Молотов не уступил до конца, но и спорить больше не стал. Убрал несогласие, как убирал лишнюю бумагу — не порвал, отложил.

— А немецкая земля, которую вы не отдаёте полякам, — спросил он. — Куда она.

— Под нас, — сказал Волков. — На время — под наше управление. Потом — в ту самую дружественную Германию, которую мы поставим. Это не подарок полякам, который завтра обернётся против нас, — это рычаг у нас в руке, которым мы будем держать и немца, и через немца полдороги в Европу. Зачем отдавать рычаг посреднику, когда можно оставить себе.

— Поляки взвоют.

— Пусть воют. — Волков сказал это ровно, без злости, и оттого тяжелее, чем если бы со злостью. — Кто их спросит.
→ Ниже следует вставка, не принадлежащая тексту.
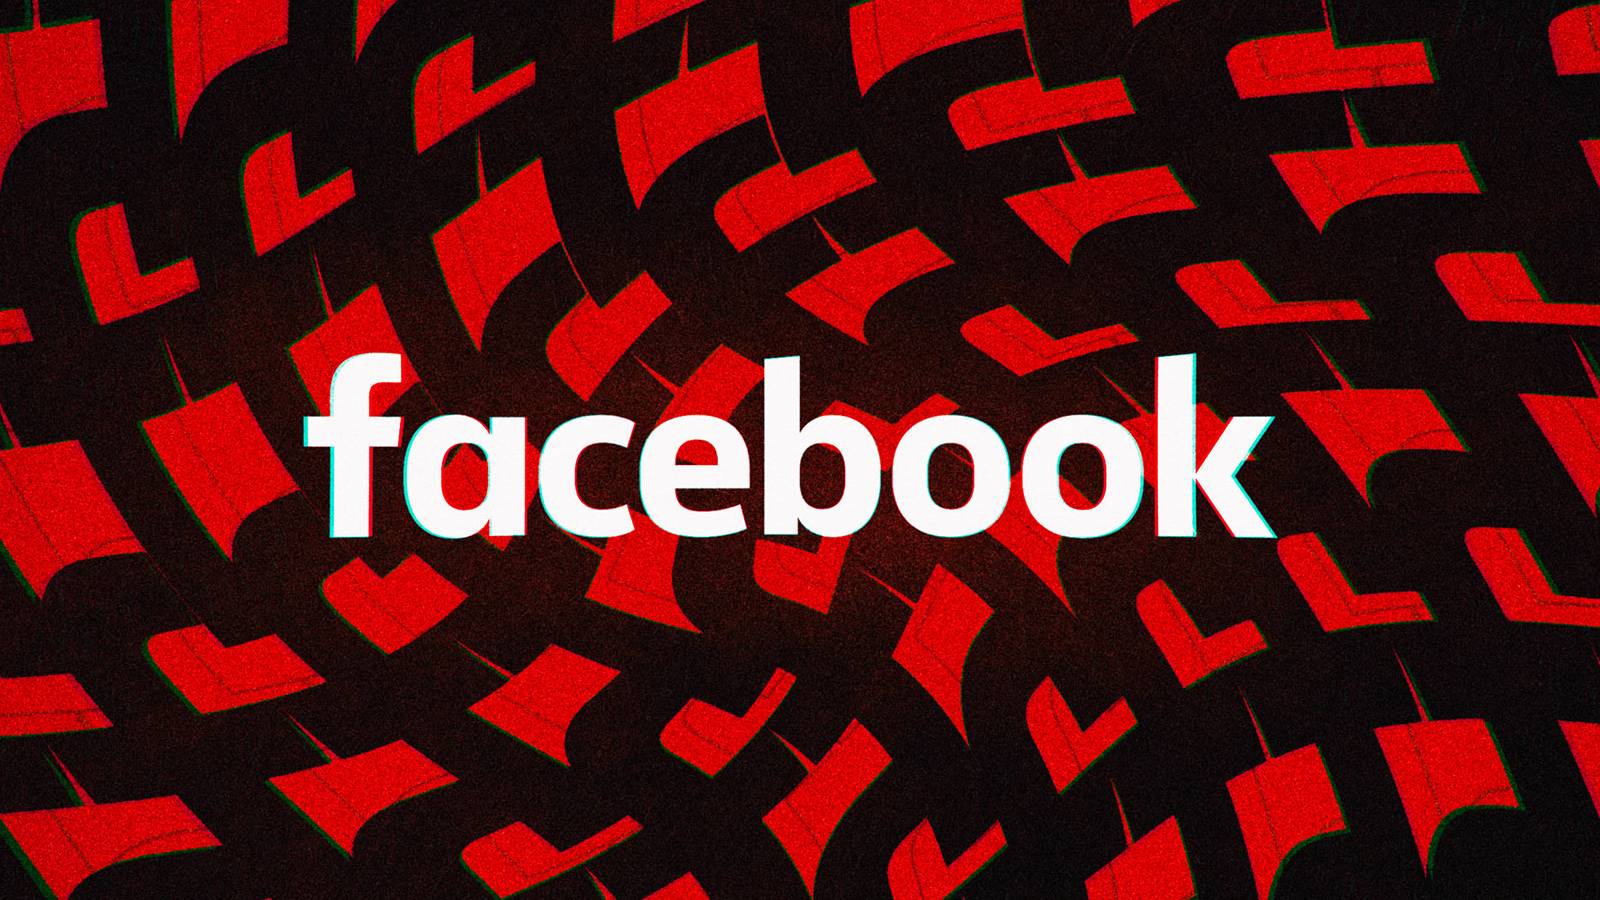 Facebook: Noua Actualizare Lansata, Schimbarile pentru Telefoane

Вячеслав Михайлович, давайте называть вещи именами, мы тут одни. Историю пишут те, кто остался стоять, когда стрельба кончилась. Польшу в эту войну освободит наш солдат, нашей кровью, на нашей крови она и встанет, — и встанет такой, какой нам надо, чтобы стояла, а не такой, какой ей самой хотелось бы. Это не жестокость. Это плата за то, что её освобождают, а не она освобождает. Побеждённому не предлагают условий. Их и освобождённому не всегда предлагают, если освобождённый сам не выстоял. Кто платил кровью — тот и чертит карту. Все остальные на этой карте — линии, а не руки.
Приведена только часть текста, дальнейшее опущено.